In step (223), the server may calculate the likelihood loss function according to the waveform distribution of the natural speech waveform and the reconstructed waveform. Likelihood loss function L_likeCan be calculated according to the following formula:

wherein, p (x)₁| z) is to convert a natural speech waveform x₁Waveform distribution of substitution reconstruction waveform

The likelihood probability obtained after the above-mentioned operation,

is desired given the hidden variable (z). L is_likeFor measuring similarity of waveform distribution of natural voice waveform and waveform distribution of reconstructed waveform, L_likeThe smaller the value of (a), the closer the reconstructed waveform representing the output of the waveform generation network is to the natural speech waveform.

Wherein, the server can hide the second latent variable z₂And natural condition characteristics y₁Inputting a waveform generation network which can predict a priori generated waveform x corresponding to the natural condition characteristics_p1Mean value μ of the Gaussian distribution of_p1Sum variance σ_p1A priori generating a waveform x_p1Mean value μ of the Gaussian distribution of_p1Sum variance σ_p1Can be determined according to the following formula:

μ_p1,σ_p1＝IAF_decoder(z₂,y₁)；

thus, the waveform x is generated a priori_p1Has a waveform distribution of p (x)_p1|z₂)＝N(μ_p1,σ_p1). A priori generated waveform x_p1Can be obtained by a gaussian transformation. For a priori generated waveform x_p1Is gaussian transformed, i.e. a priori generates a waveform x_p1The following were used:

wherein, mu_t ²Is the second hidden variable z₂Is a priori distributed mean, σ_t ²Is the second hidden variable z₂The variance of the prior distribution.
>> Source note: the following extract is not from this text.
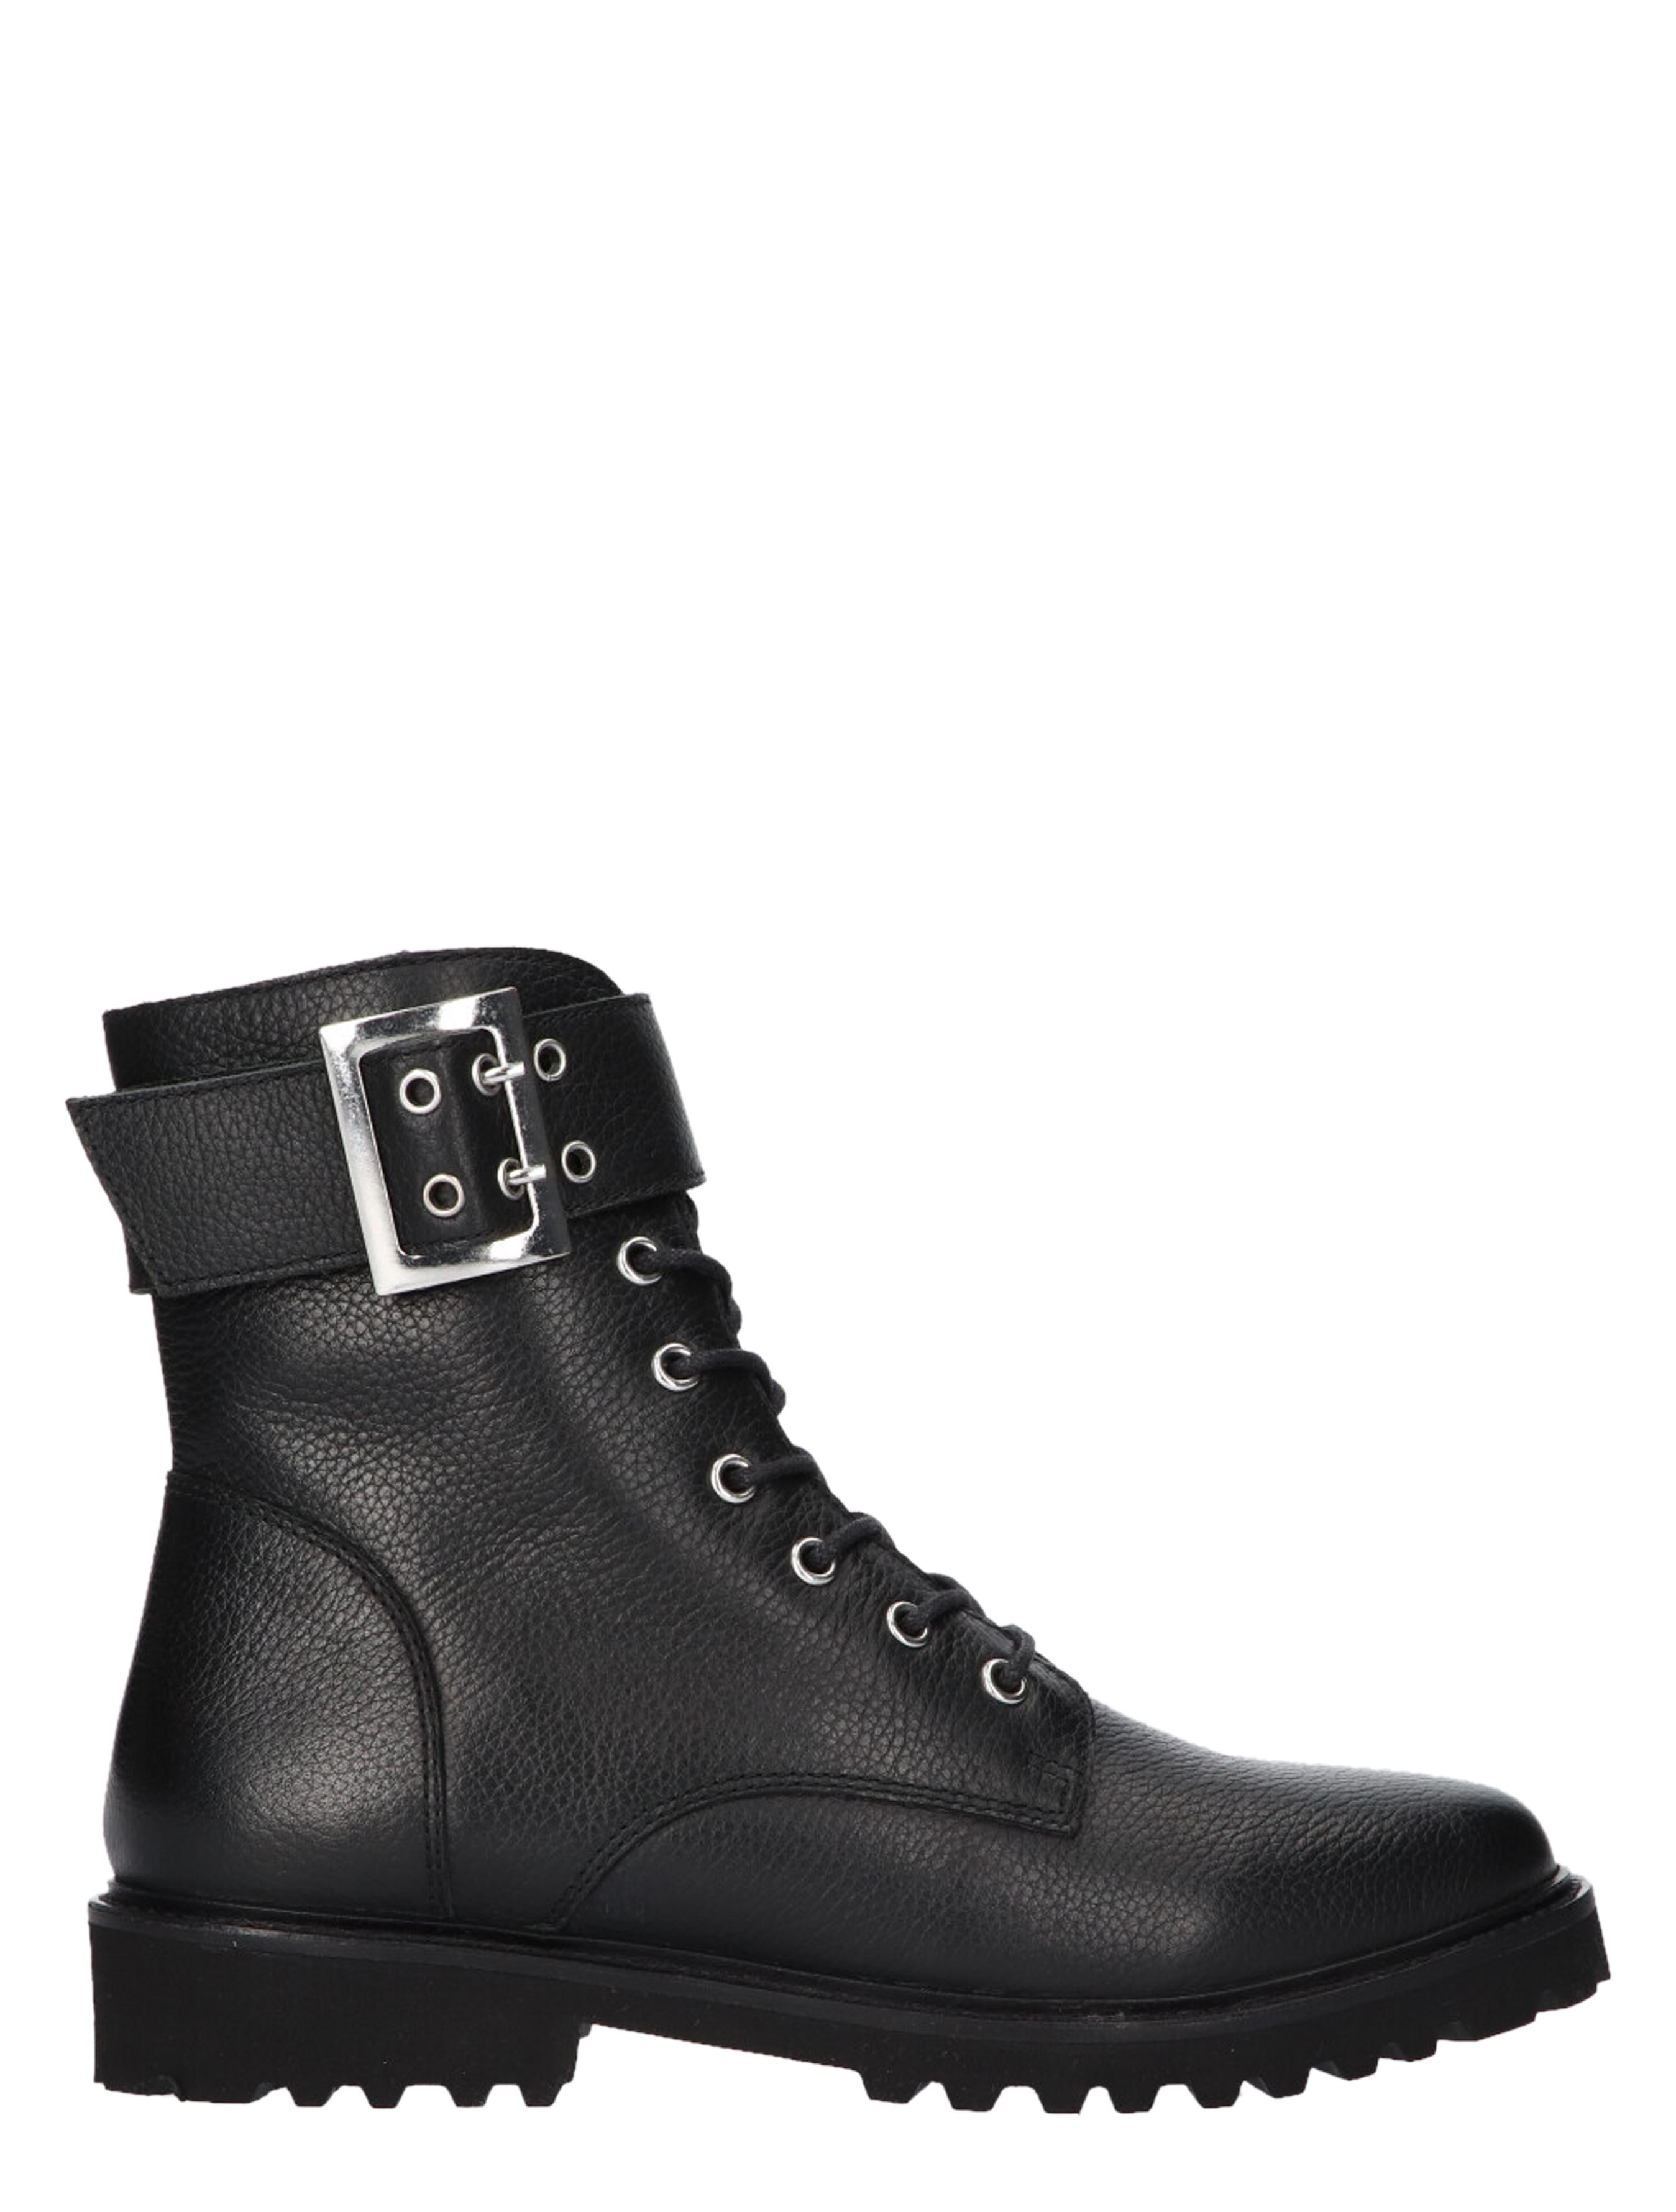 Tango Bee 524-f Black Biker boots

Optionally, the waveform result output by the waveform generation network includes a reconstructed waveform corresponding to the natural speech waveform and a priori generated waveform corresponding to the natural condition feature; the step (24) may specifically include the following steps:

(241) the server inputs the natural voice waveform, the reconstructed waveform corresponding to the natural voice waveform and the priori generated waveform corresponding to the natural condition characteristics into the discriminator to obtain the probability that the natural voice waveform is natural voice, the probability that the reconstructed waveform is natural voice and the probability that the priori generated waveform is natural voice;

(242) the server calculates a discrimination loss function according to the probability that the natural voice waveform is natural voice, the probability that the reconstructed waveform is natural voice and the probability that the prior generated waveform is natural voice;

(243) and the server calculates the countermeasure loss function according to the probability that the natural reconstructed waveform is natural voice and the probability that the prior generated waveform is natural voice.

In the embodiment of the application, the discriminator is used for calculating the probability that the input voice is natural voice. The discriminator may be a multi-scale discriminator shown in fig. 6.

Optionally, step (241) may include the steps of:

(2411) the server inputs the natural voice waveform into the multi-scale discriminator to obtain N scale discrimination probabilities that the natural voice waveform is natural voice, and the probability that the natural voice waveform is natural voice is determined based on the N scale discrimination probabilities that the natural voice waveform is natural voice; n is an integer greater than or equal to 2;

(2412) the server inputs the reconstructed waveform corresponding to the natural voice waveform into the multi-scale discriminator to obtain N scale discrimination probabilities that the reconstructed waveform corresponding to the natural voice waveform is natural voice, and the probability that the reconstructed waveform is the natural voice is determined based on the N scale discrimination probabilities that the reconstructed waveform corresponding to the natural voice waveform is the natural voice;

(2413) and the server inputs the prior generated waveform corresponding to the natural condition features into the discriminator to obtain N scale discrimination probabilities that the prior generated waveform corresponding to the natural condition features is natural voice, and determines the probability that the prior generated waveform is the natural voice based on the N scale discrimination probabilities that the prior generated waveform corresponding to the natural condition features is the natural voice.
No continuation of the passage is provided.